Afterward, I lean against the wall, sipping water from a canteen that trembles in my raw fingers. My mistress sits cross-legged, pushing hair from her face. The executioner crosses his arms.

“When are the funerals?” Kassandra asks, voice hoarse. It is early morning, and we have not spoken in hours.

“This afternoon,” the executioner says. “I’ve delivered those whose wills state they must be buried in certain family plots. As for the unclaimed, I’ve cleared a spot in the Illusion grounds, as requested.”

“Paid for by my family, of course.” Silence. “Executioner?”

“We need approval from the head, the heir, or the advisor. We cannot proceed with the ceremonies until one of them has given permission to release the plots and the funds.”

My stomach twists.

“We don’t have an advisor,” Kassandra says numbly, rubbing her forehead. “My father may be able to give permission, but his lucidity is inconsistent.”

“We could wait on Dominik’s word.”

“How else can we accomplish this?”

He shifts. “If the funds cannot be paid for up front, then they can be put into the debtors’ system as an individual balance.”

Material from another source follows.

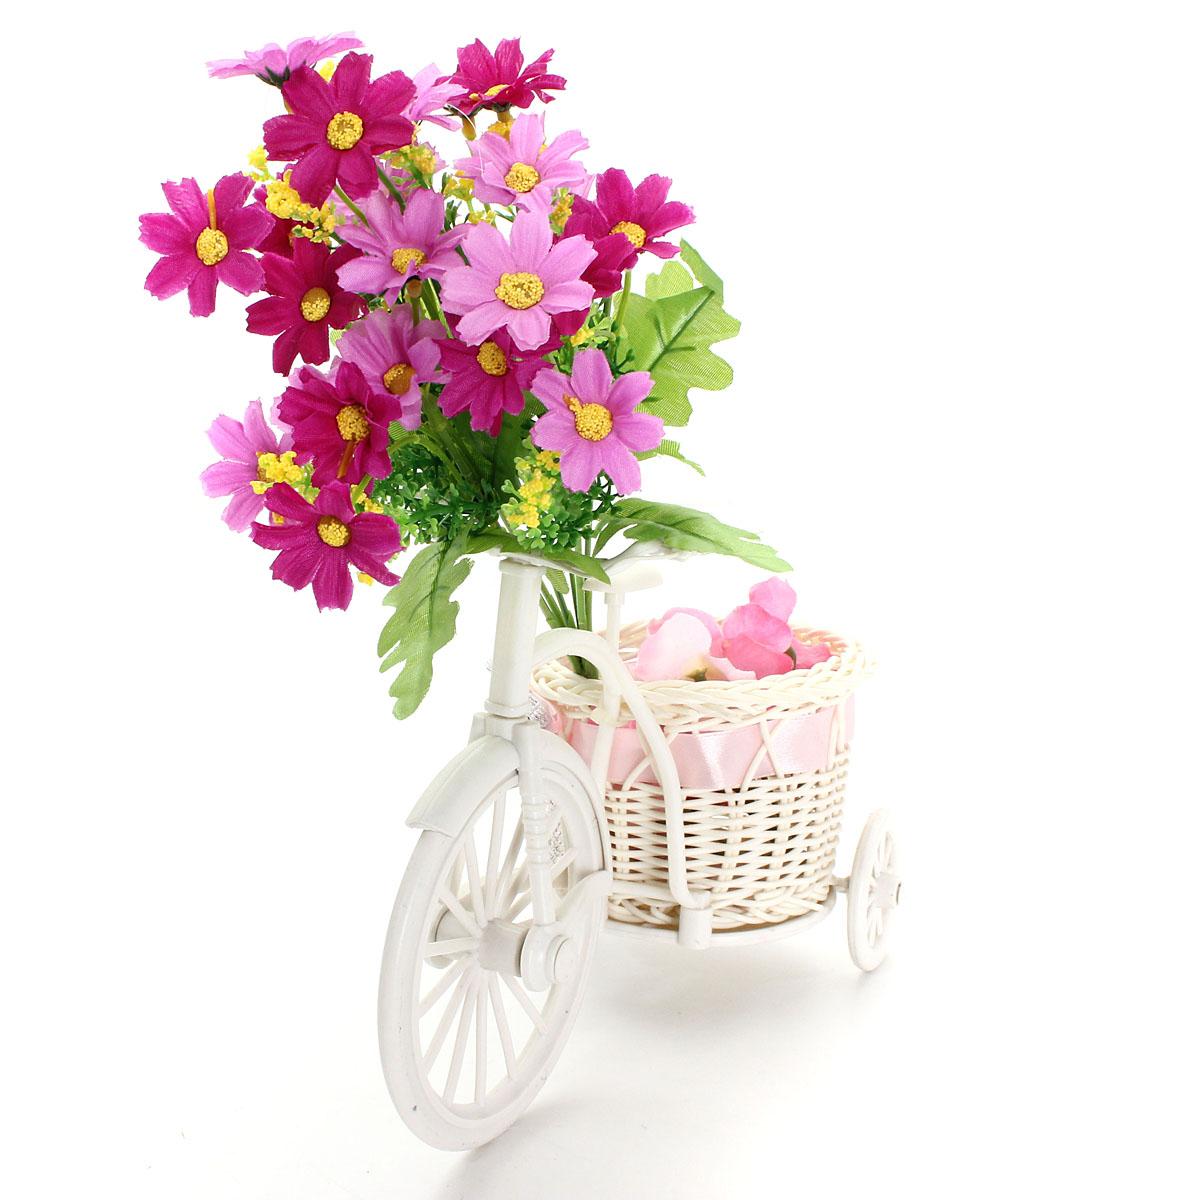 deko kunstpflanze efeugirlande kranz efeu k nstliche efeuranke blumen floristik ebay. Black Bedroom Furniture Sets. Home Design Ideas

“I will assume the debts.”

I gawk at her. “Mistress, I—”

“I said stop calling me that.”

Shoving up a sleeve, I protest: “You do not want this debt. It may be difficult to pay off, especially if Dominik is unwilling. When the interest collects—”

“Do it, Executioner. I will take on the cost of the funerary expenses personally.”

“Can House of Death forgive this one time?” I ask him. “Must we charge in a tragedy like this?”

The executioner’s amber eyes sharpen.

“Speak,” Kassandra demands. “Whatever it is, your secret will be protected. She’s under oath and I don’t have the energy to share.”

He clears his throat, shifting. “The…the House of Death does not dole out or reap any debts.”